◆ **Dataset excerpt**:
——

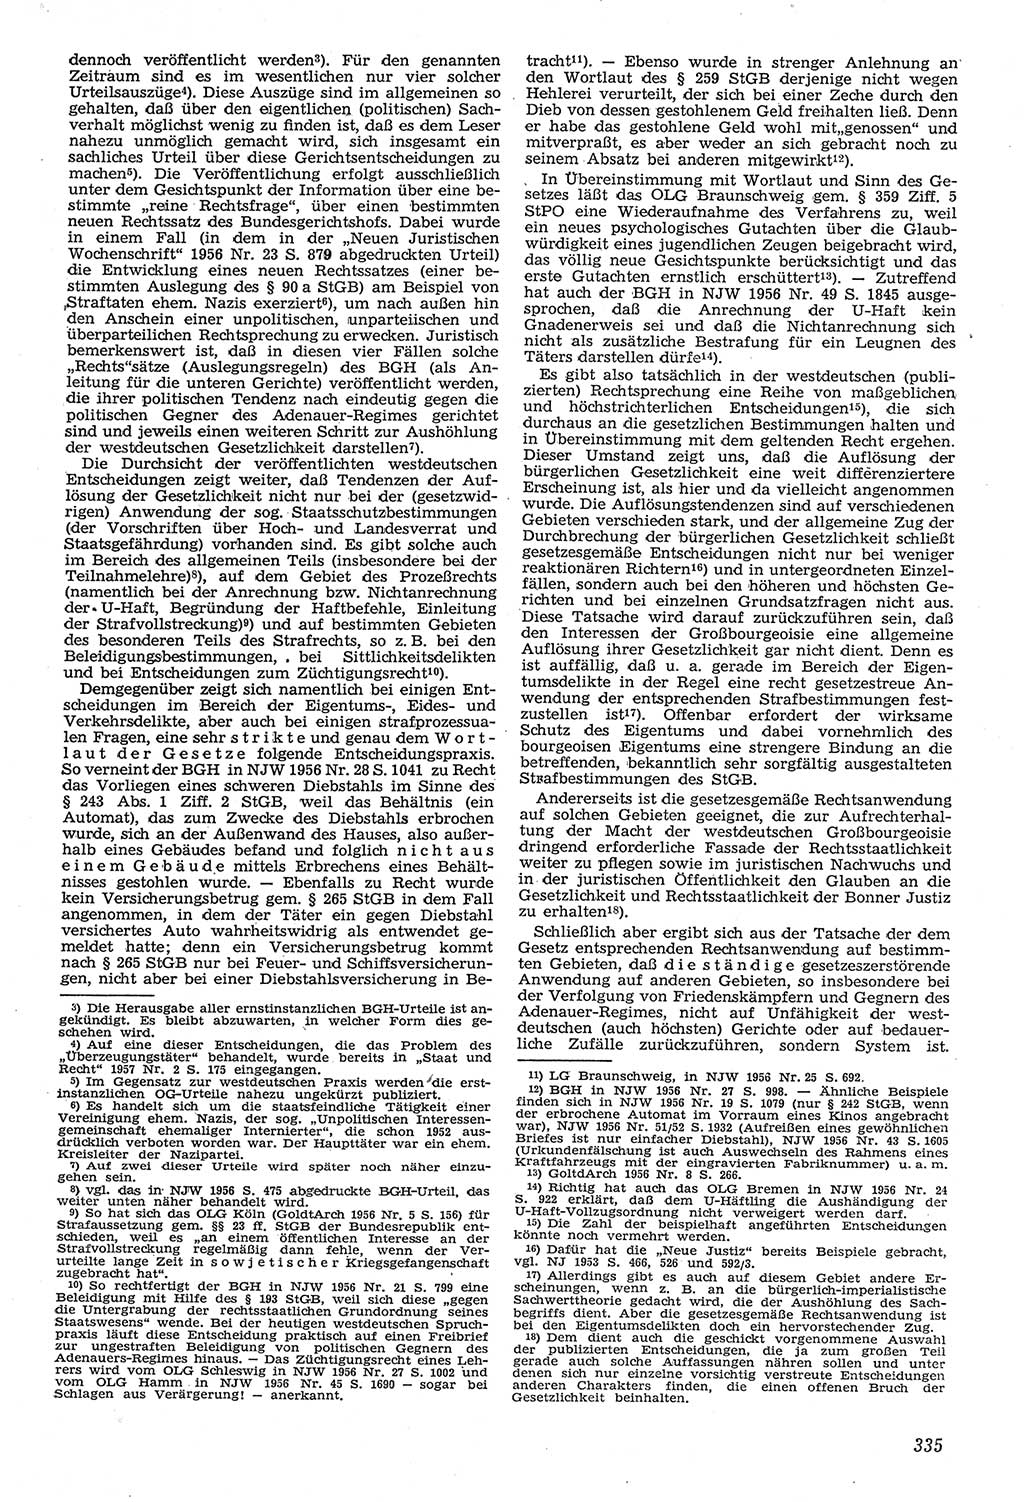 Neue Justiz (NJ), Zeitschrift für Recht und Rechtswissenschaft [Deutsche Demokratische Republik (DDR)], 11. Jahrgang 1957, Seite 335 (NJ DDR 1957, S. 335)
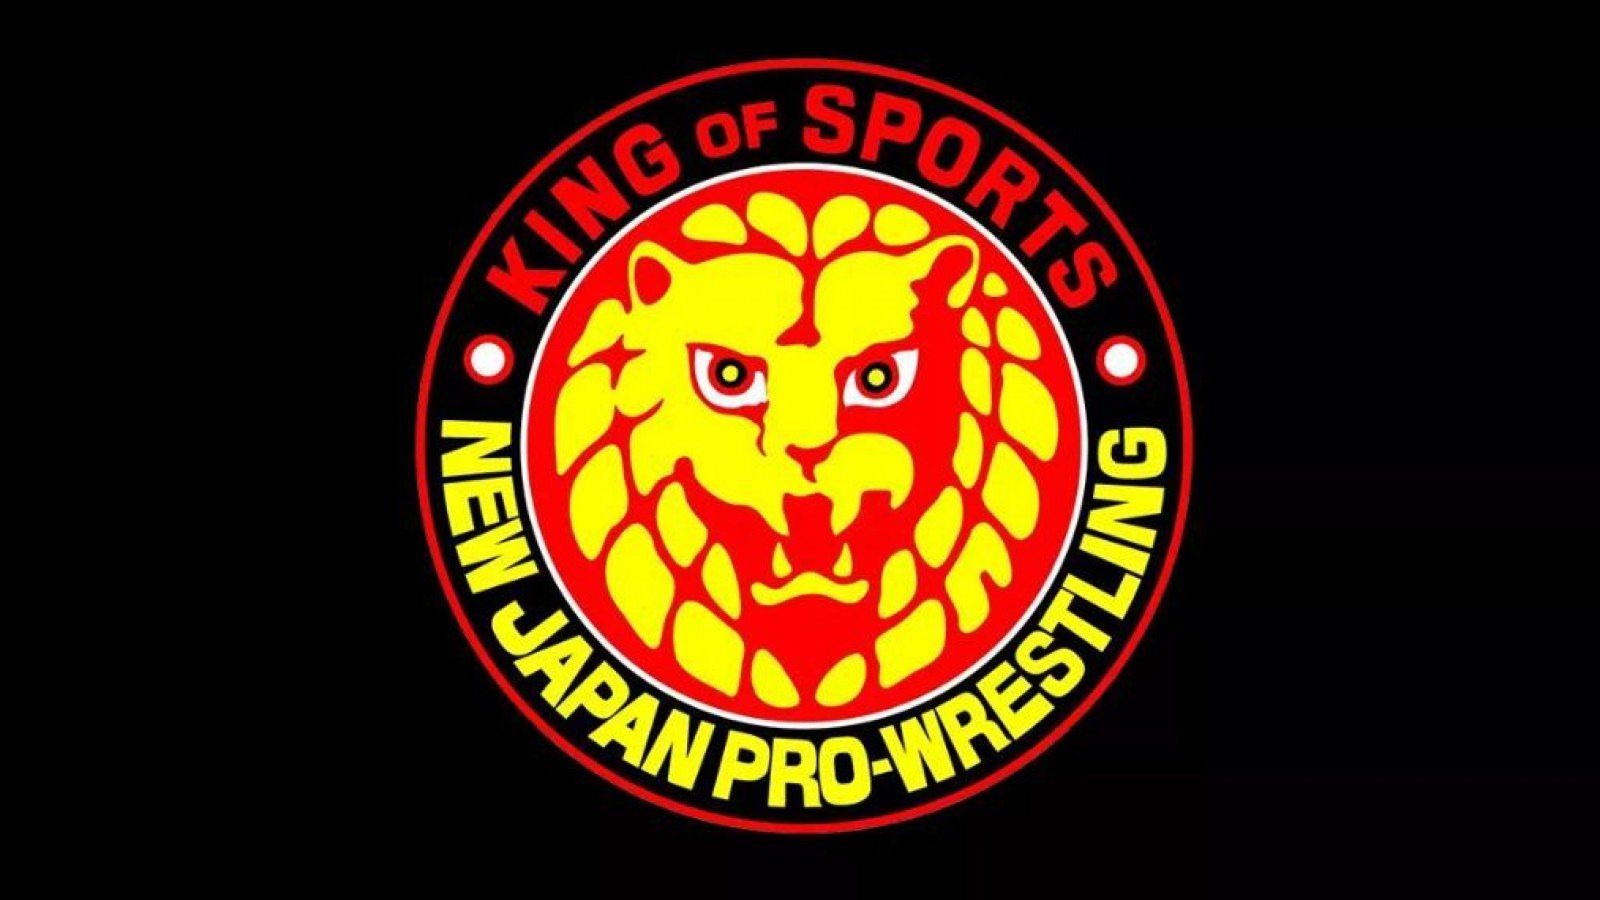 El presidente de NJPW dimite y se nombra a un luchador legendario como su reemplazo
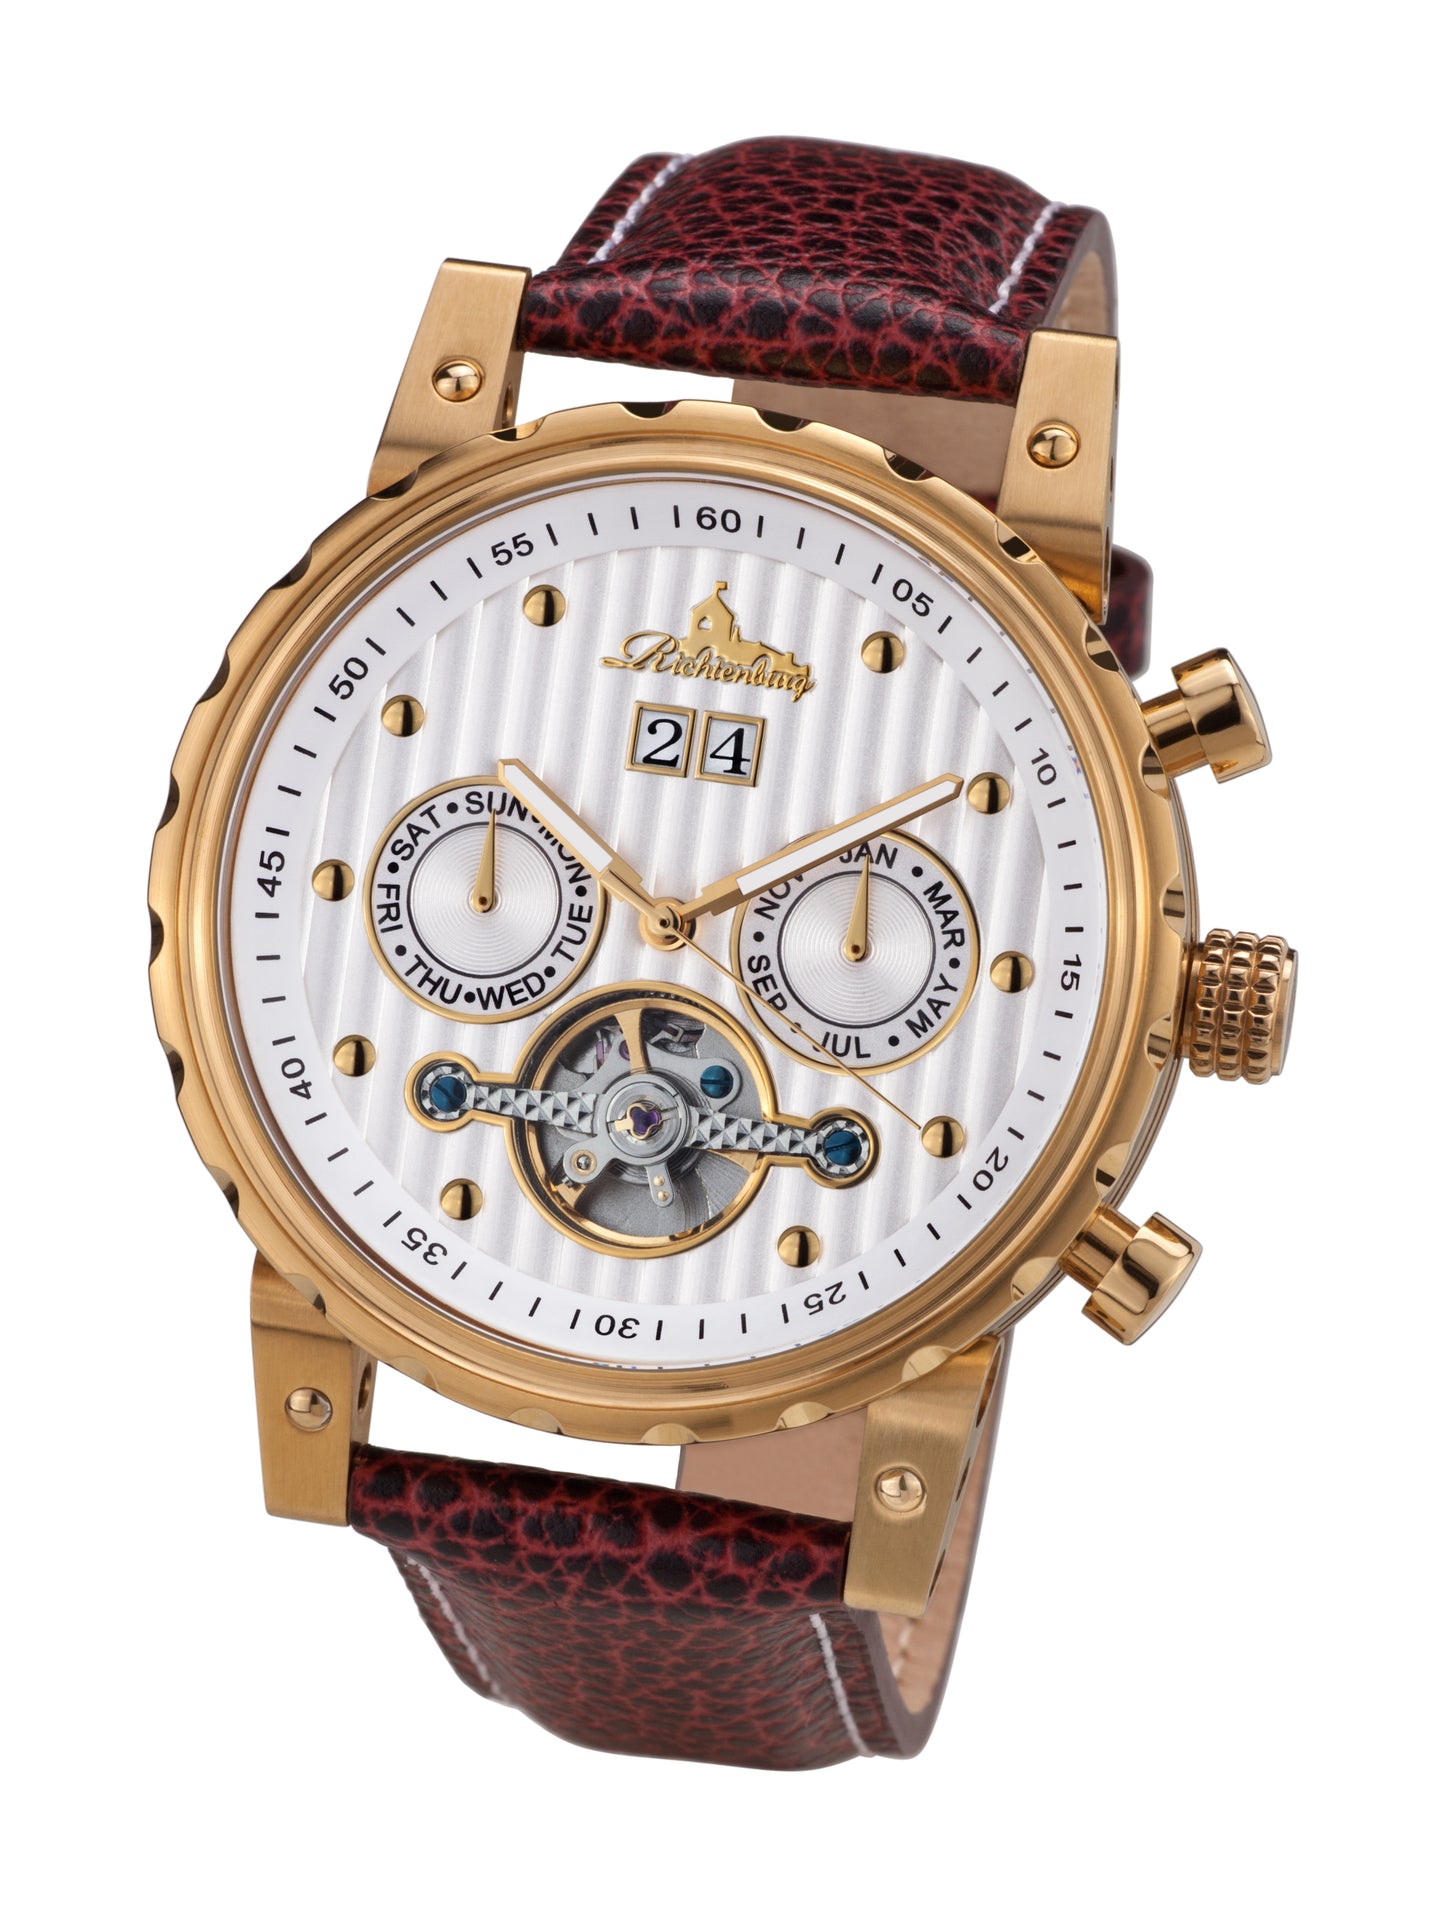 Automatic watches — Newport — Richtenburg — gold IP white

——

◆ **Exercise prompt**:
Would you restate, word for word and with no pictures, only the lines from the opening of the material through the line with "El presidente de", both included?

◆ **Task output**:
 Neue Justiz (NJ), Zeitschrift für Recht und Rechtswissenschaft [Deutsche Demokratische Republik (DDR)], 11. Jahrgang 1957, Seite 335 (NJ DDR 1957, S. 335)
 El presidente de NJPW dimite y se nombra a un luchador legendario como su reemplazo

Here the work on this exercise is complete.